▸ **INSTRUCTIONS FOR THE TASK**
Please output the data exactly, minus pictures.

BEGIN DATASET CONTENT

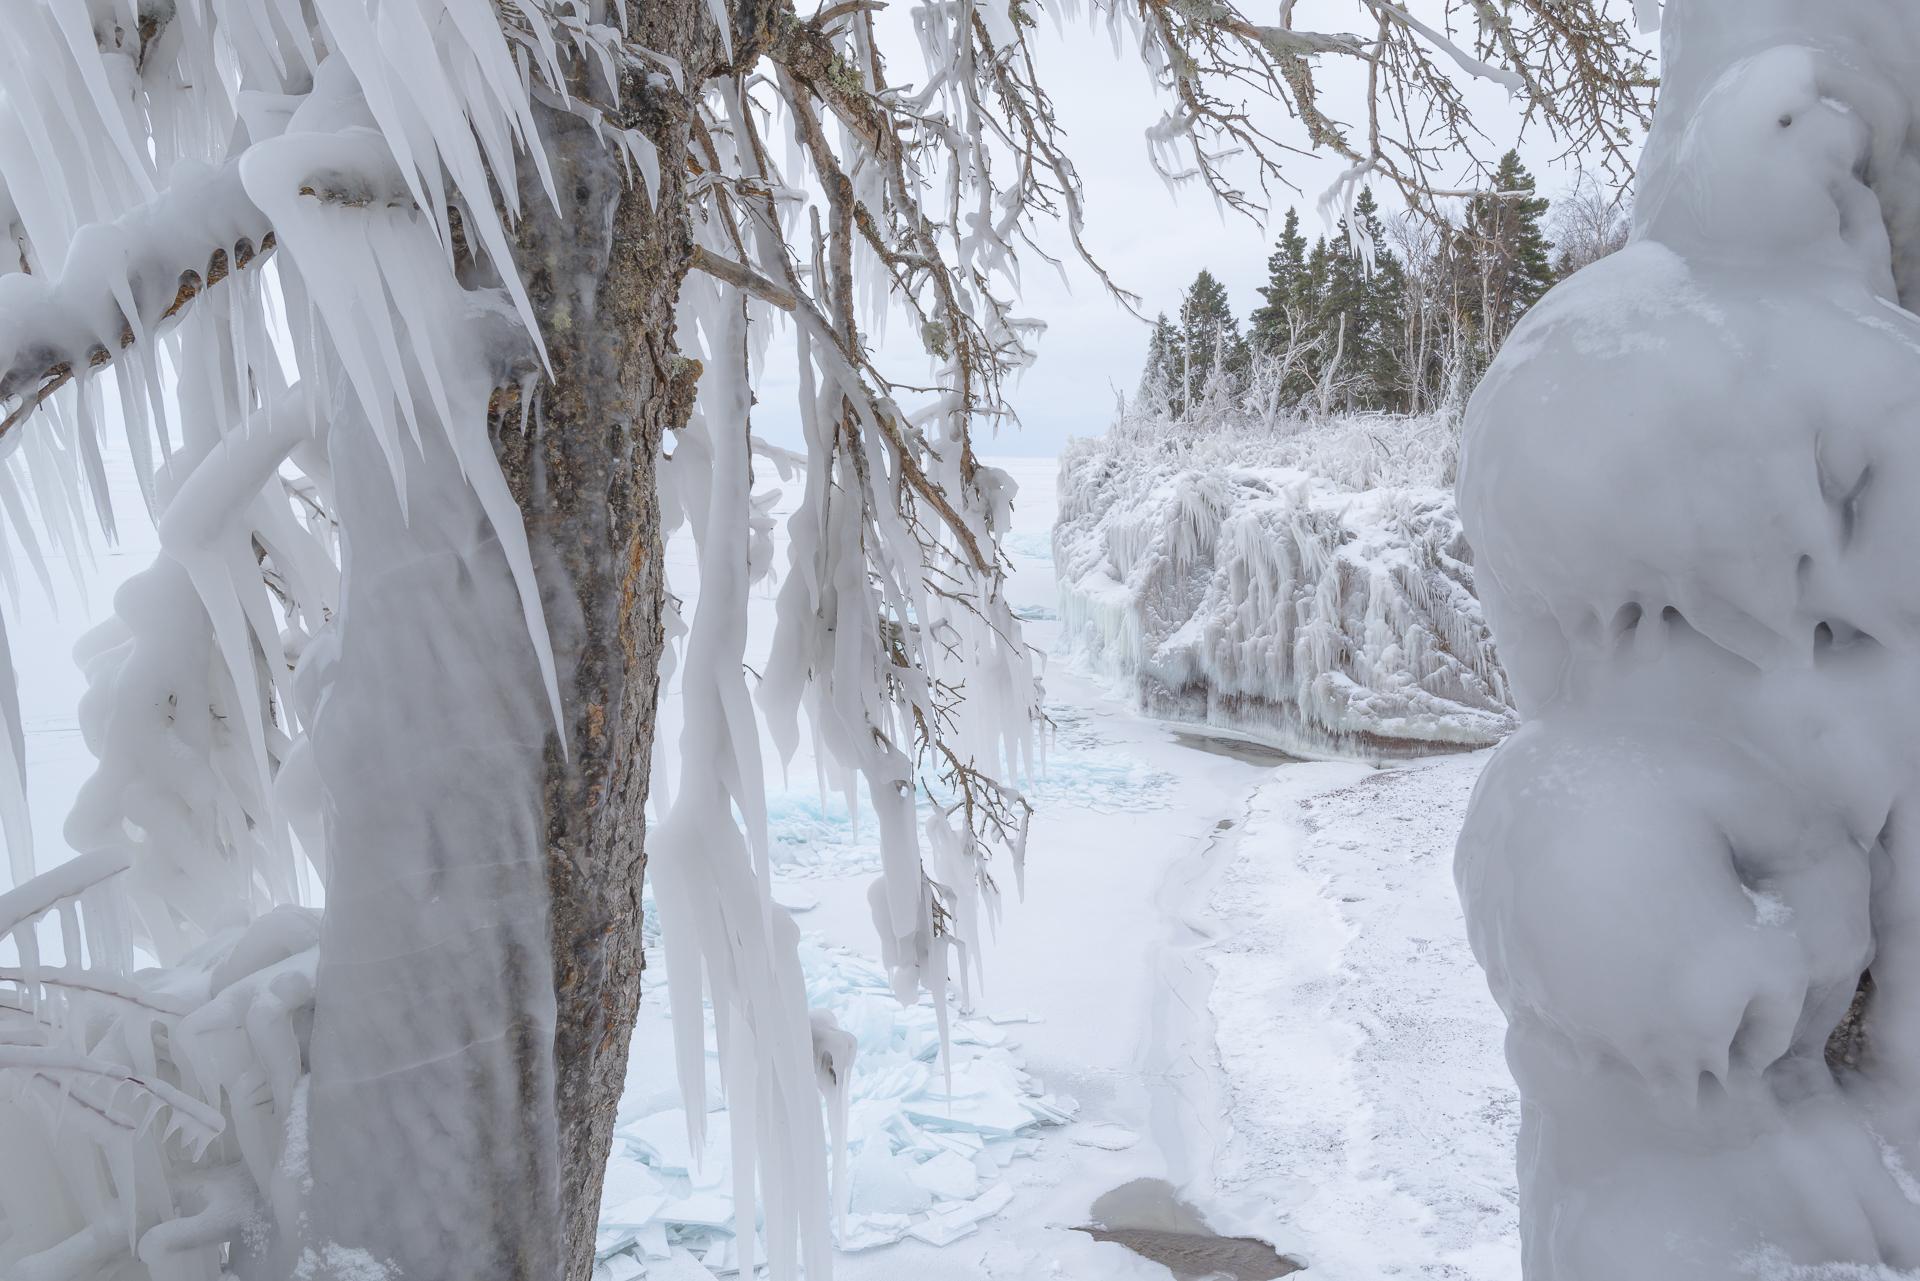 Winter wonderland: Tettegouche State Park
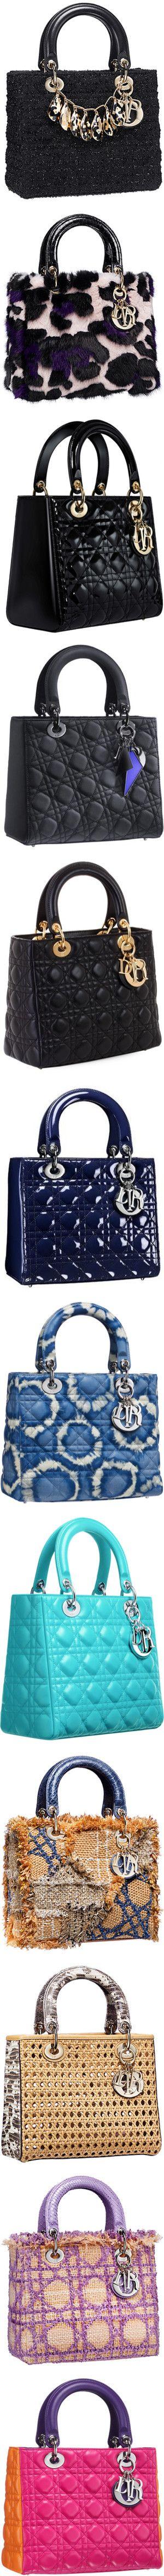 Lady Dior ♥✤ UN MODELO MIL COMBINACIONES!!!
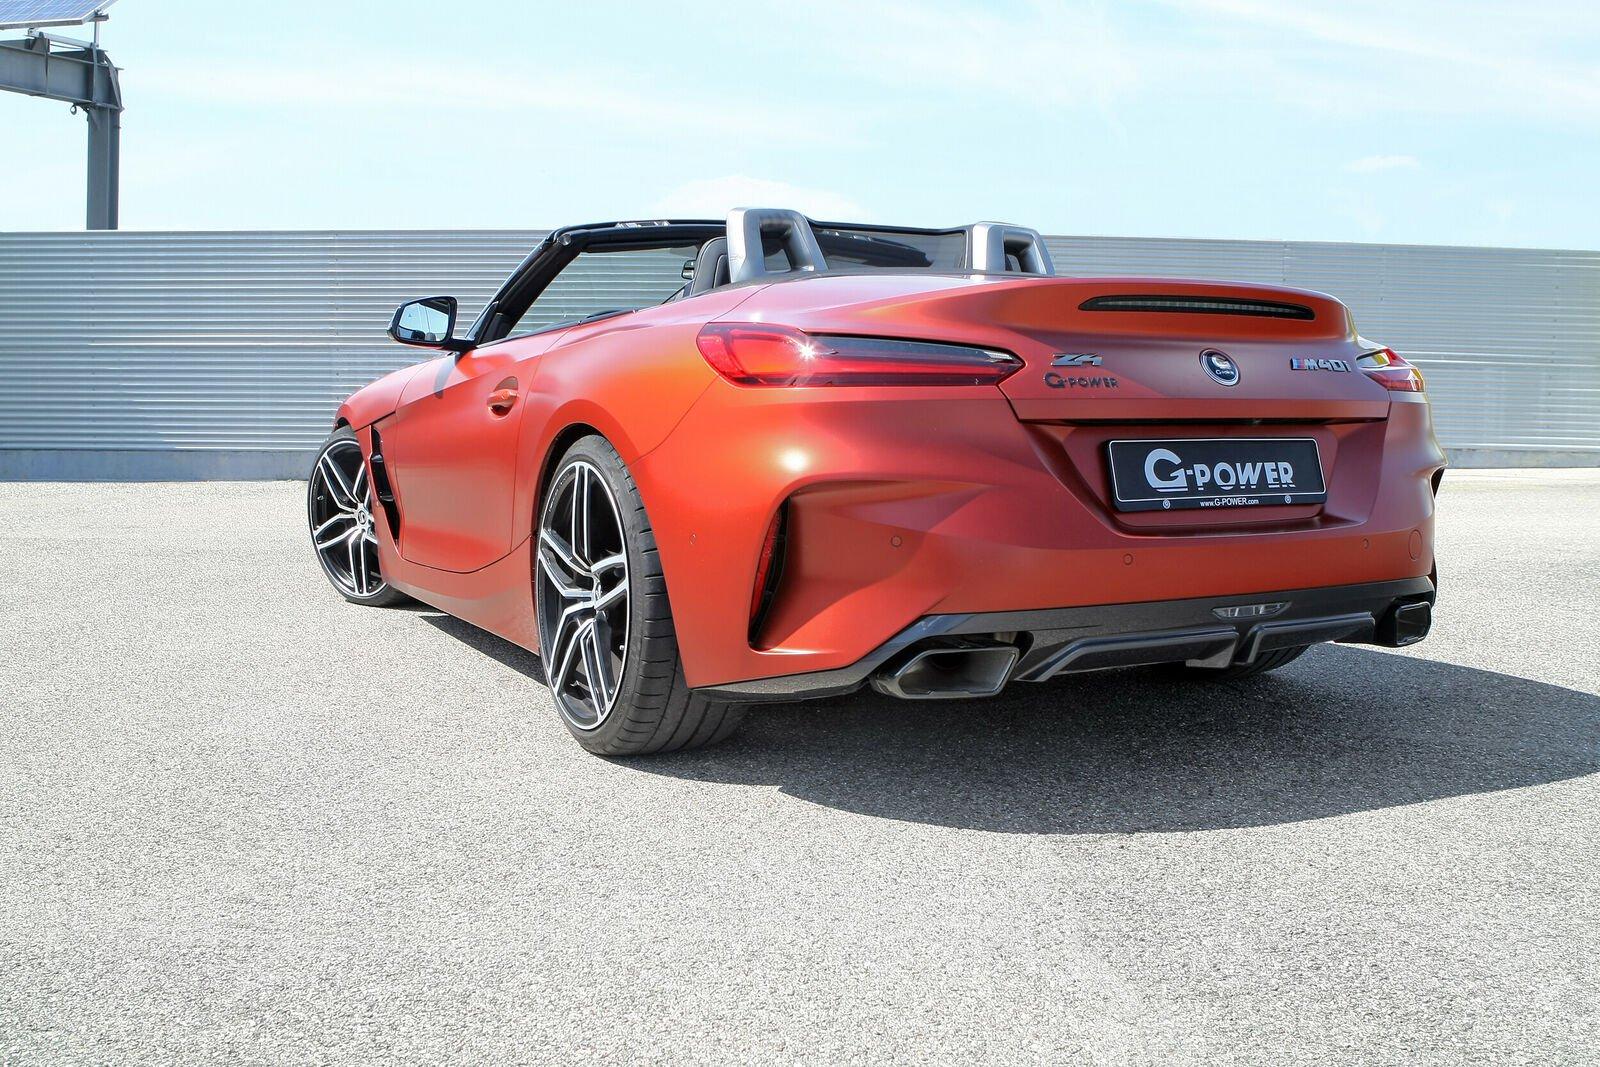 BMW-Z4-M40i-by-G-Power-5

END DATASET CONTENT

▸ **FINISHED TASK**
 Winter wonderland: Tettegouche State Park
 Lady Dior ♥✤ UN MODELO MIL COMBINACIONES!!!
 BMW-Z4-M40i-by-G-Power-5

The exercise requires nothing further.